Tanisha’s Status Report for 11/15/25

This week, I focused on completing the assembly of our second Catan board so that we can transition into synchronization and software integration over the next few weeks. I spent most of my time in TechSpark working on the hardware components. I finished wiring and soldering the entire switch matrix, and May and I worked together to solder and restructure all of the LEDs. I also laser-cut the remaining token and button pieces we needed for the board. Rhea and I assembled the LED board and cut the dowels used for the button-press mechanisms. As a team, we merged the two boards and finalized the LED-to-button mapping. By the end of the day on Friday, we were able to get the second board fully working, which positions us well for the upcoming software work.

I also spent time redesigning the dice-plate algorithm. I reframed the problem so that the algorithm detects the result of each die roll and lights up the corresponding tile, running directly on the Raspberry Pi. A key requirement is identifying when the roll begins and ends so that the board updates only once per roll rather than continuously. To reduce noise, the algorithm focuses only on the visible dice-plate region and filters for black pips on a white face. I experimented with bounding boxes to restrict the detection area and thought about ways to improve reliability, including using a custom die with colored faces so the system requires both the pip pattern and face color to match. I also considered replacing the physical dice entirely with a spinner wheel if it yields cleaner signal detection. I plan to test these ideas next week and begin integrating the algorithm with our tile-lighting logic. Below, I also listed my subsystem verifications:

Verification:

  • Switch matrix (multimeter + press tests):
    Check continuity across all rows/columns with a multimeter and verify each button press registers correctly with no ghosting.
  • LED–button mapping:
    Press each button and confirm the correct LED lights up.
  • Dice detection accuracy:
    Run repeated rolls to confirm correct pip detection under different lighting conditions.
  • Roll start/end detection:
    Verify the algorithm triggers tile lighting only once per roll.
  • ROI filtering:
    Confirm bounding boxes correctly isolate the dice plate and ignore external pips.

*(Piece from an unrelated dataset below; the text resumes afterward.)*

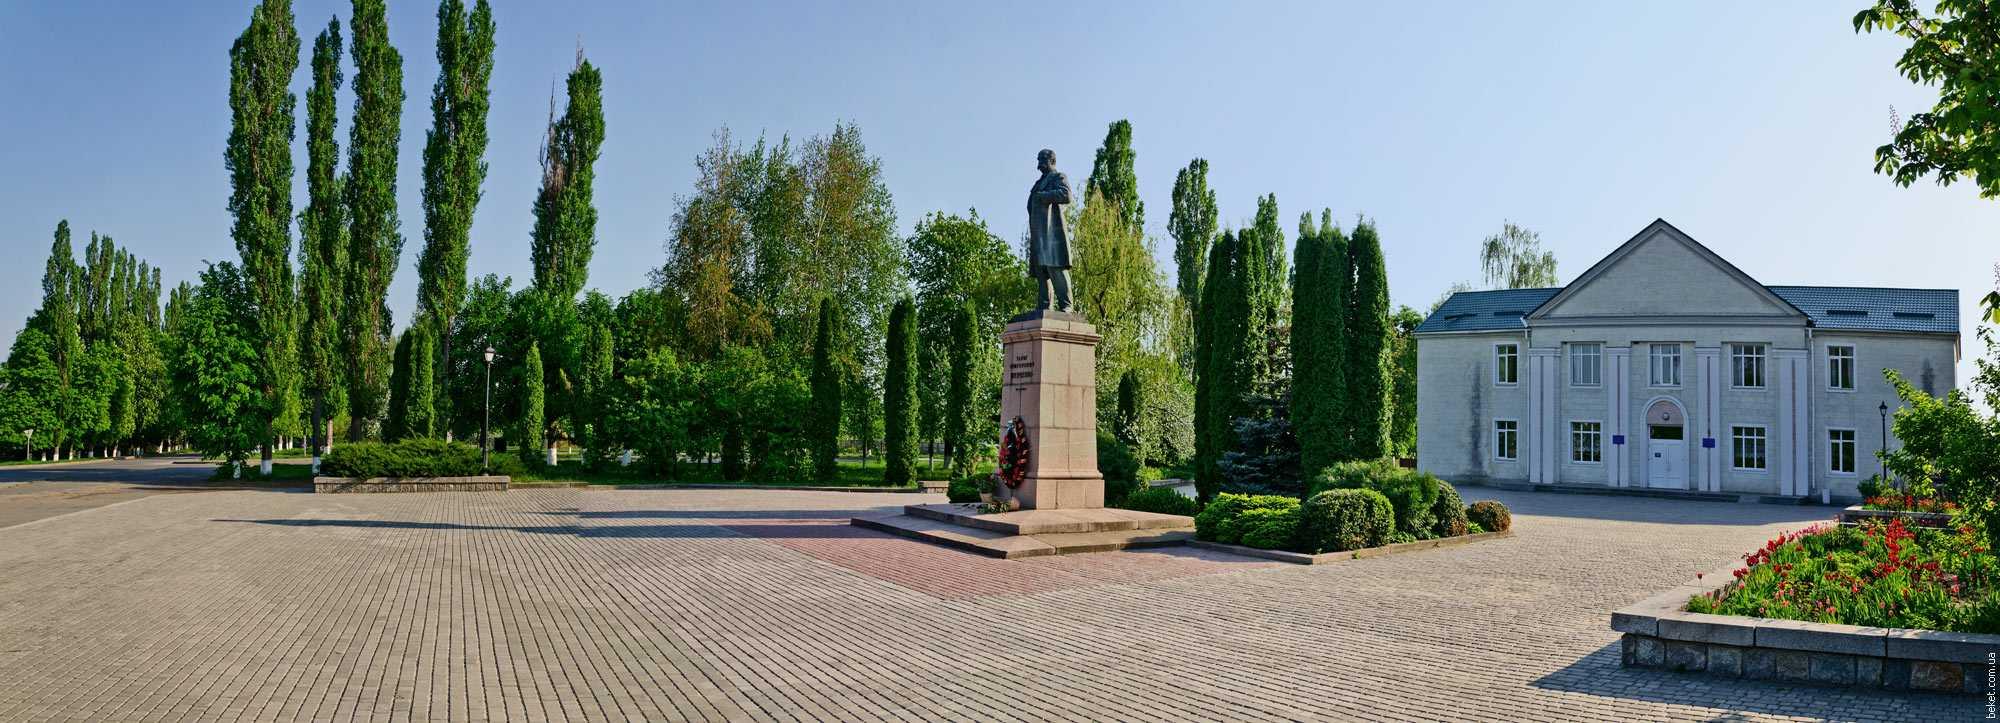 Памятник Т.Г. Шевченко возле клуба в селе Шевченково

We are currently on schedule. With the second board fully assembled, the major hardware tasks are complete, and the dice-detection work is progressing. Next week, I hope to prototype the revised dice-detection strategies, begin setting up the peer-to-peer communication system with Rhea and May, and connect the dice output to the board-lighting logic. I will also document the algorithm’s structure and gather photos and videos demonstrating my progress to support the next status update.